After a day of debugging, I default to two genres: half-hour sitcoms I've already seen, and detective shows where someone smarter than me is making the deductions. This is the shortlist.
the sitcoms
That 70's Show
Teenagers in a basement, roasting each other in a circle. Red's foot, Kelso's stupidity-as-genius. Comfort TV with low cognitive overhead.
Arrested Development
Rewards rewatching more than any other comedy I've seen. The narrator's deadpan and the planted callbacks are the work; the Bluth family dysfunction is the texture.
How I Met Your Mother
I have opinions about the finale. Everything before it holds up — Barney's suits, the slap bet, Ted's romantic optimism that the show kept earning back for nine seasons.
the detective shows
Sherlock
Cumberbatch's version is the one that reset the genre.
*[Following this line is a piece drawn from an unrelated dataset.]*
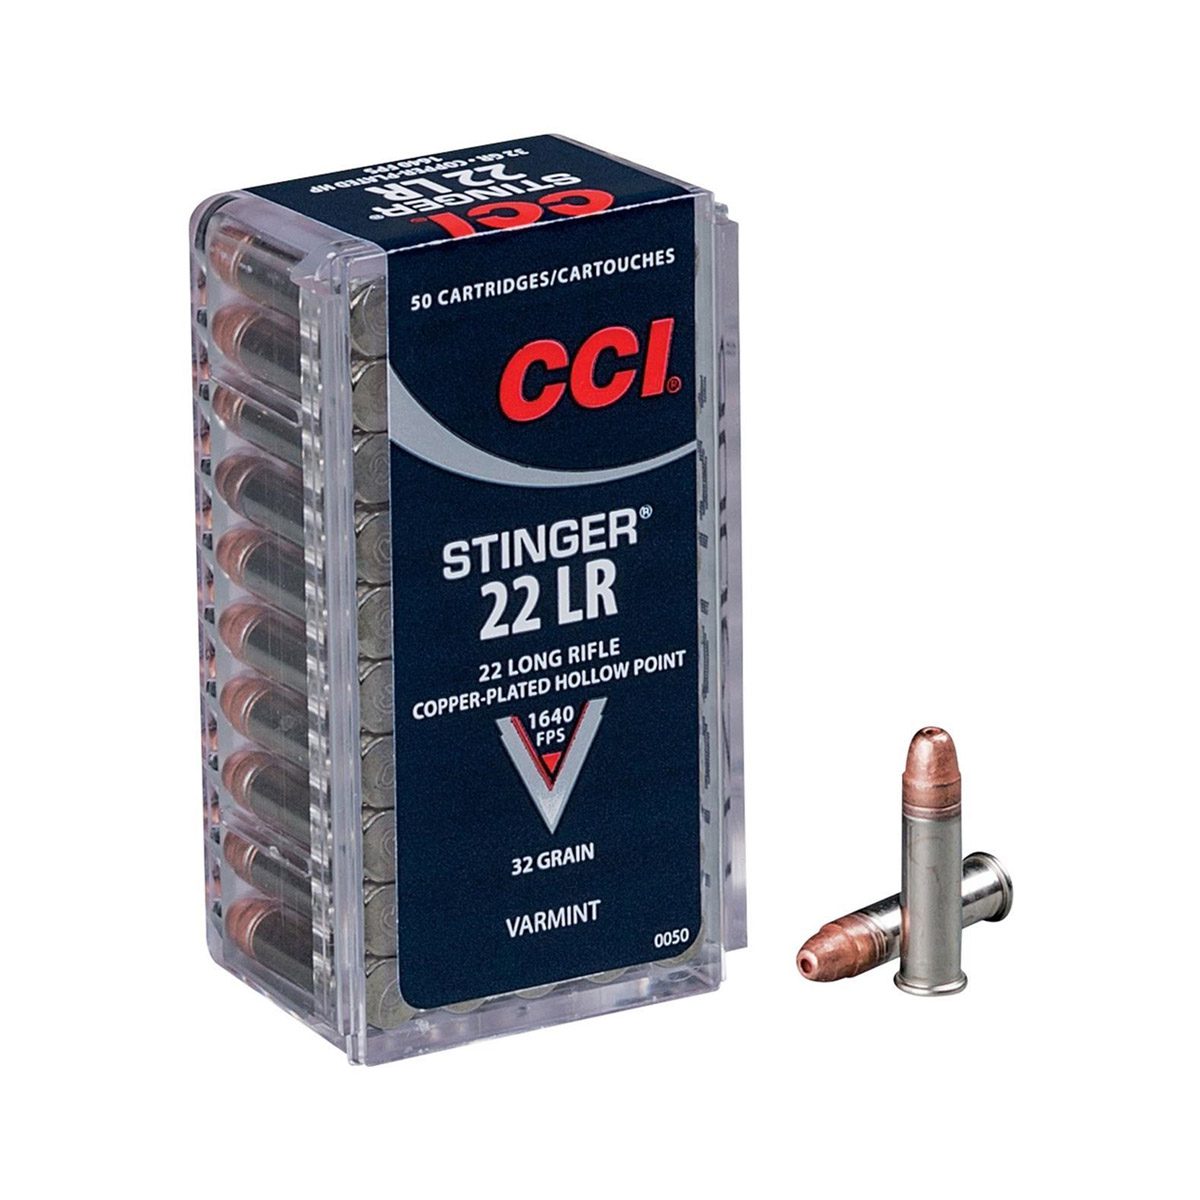 CCI Stinger .22 LR – 50 Rounds

The mind palace shots, the rapid deductions, the Watson chemistry. "The game is on" still works.
Detective Conan
Shinichi Kudo trapped in a kid's body, solving murders that follow him around. Running since 1996 and I'm still on it. The Black Organization arc is the spine.
High Potential
Newer. A cleaning lady with a high IQ solves crimes the detectives can't. The premise carries it; the writing is finding its register.
I'll watch most things with a tight script and a payoff the writer earned. The two genres above are just where that bar gets cleared most often.